Using the data that follows, return exactly the lines from the one that contains "A classic yet" through the one that contains "Minimalist lines yet bold structures is what", ends included.

■ Extracted data ■
+++++

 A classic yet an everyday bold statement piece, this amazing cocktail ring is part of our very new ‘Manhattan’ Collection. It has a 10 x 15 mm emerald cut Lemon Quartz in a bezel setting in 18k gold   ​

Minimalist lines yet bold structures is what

+++++

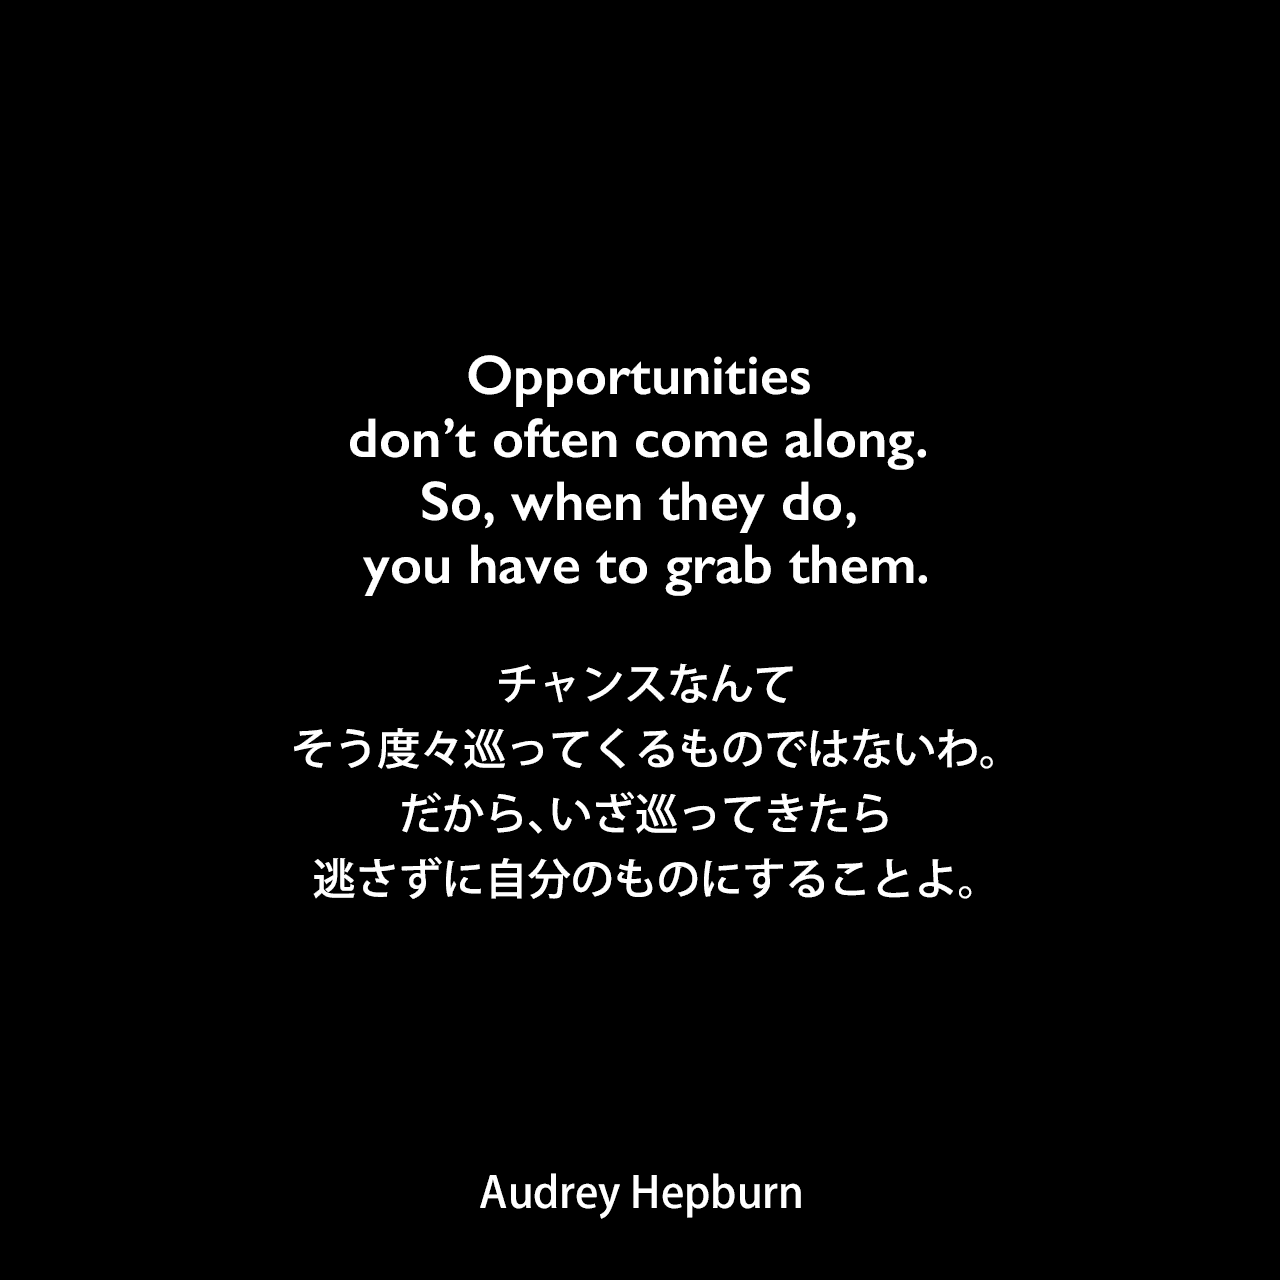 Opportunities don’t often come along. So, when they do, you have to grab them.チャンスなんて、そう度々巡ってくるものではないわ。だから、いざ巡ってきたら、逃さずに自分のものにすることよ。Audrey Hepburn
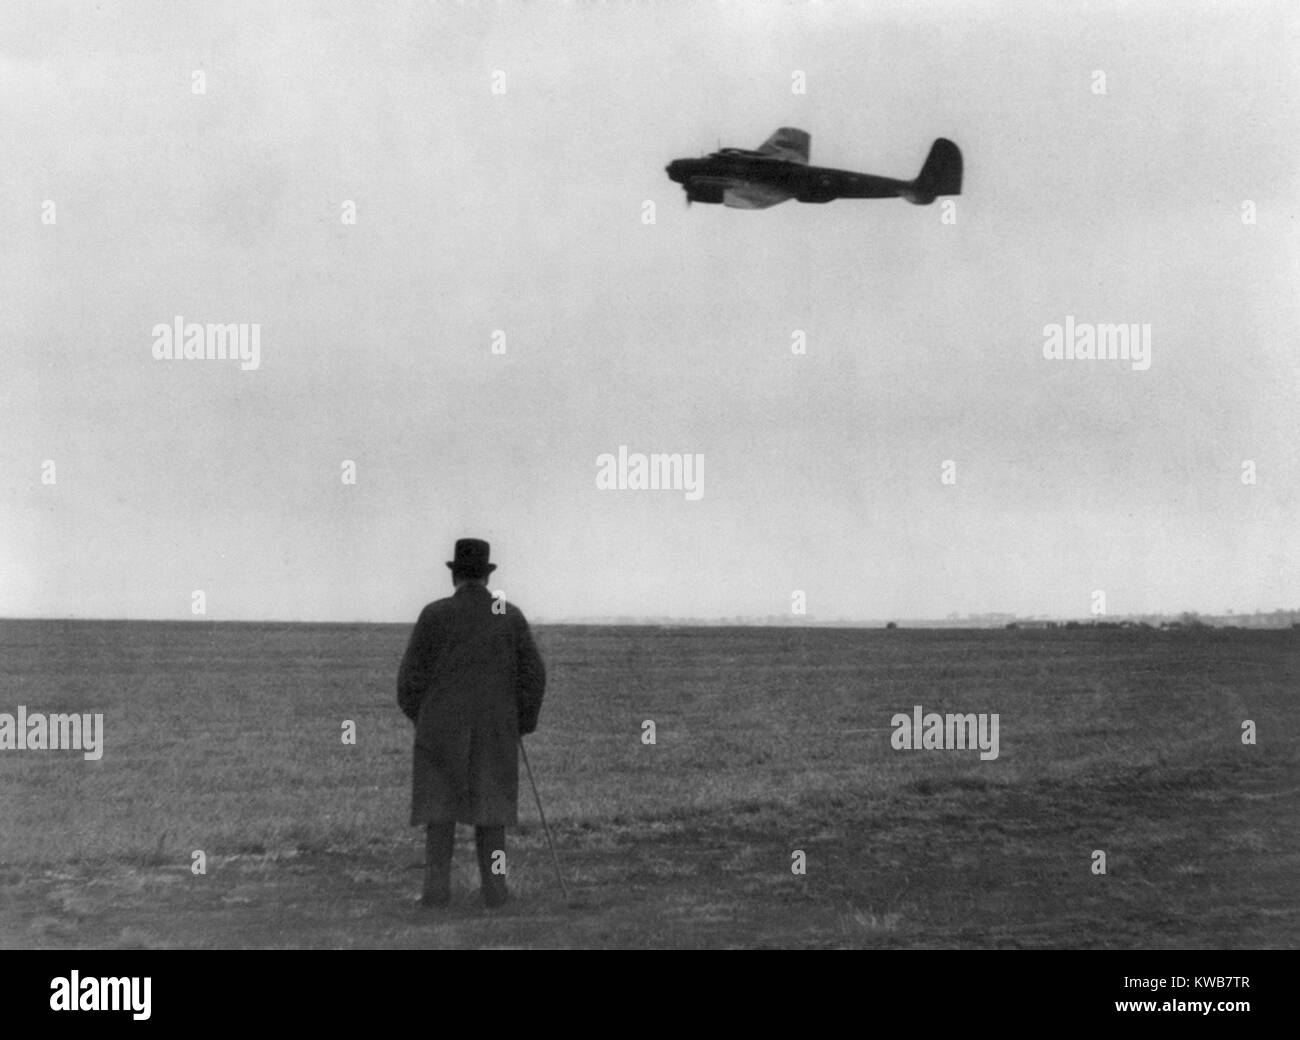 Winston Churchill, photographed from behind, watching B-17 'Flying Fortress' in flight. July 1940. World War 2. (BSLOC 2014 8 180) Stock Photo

+++++

■ Answer area ■
 A classic yet an everyday bold statement piece, this amazing cocktail ring is part of our very new ‘Manhattan’ Collection. It has a 10 x 15 mm emerald cut Lemon Quartz in a bezel setting in 18k gold   ​

Minimalist lines yet bold structures is what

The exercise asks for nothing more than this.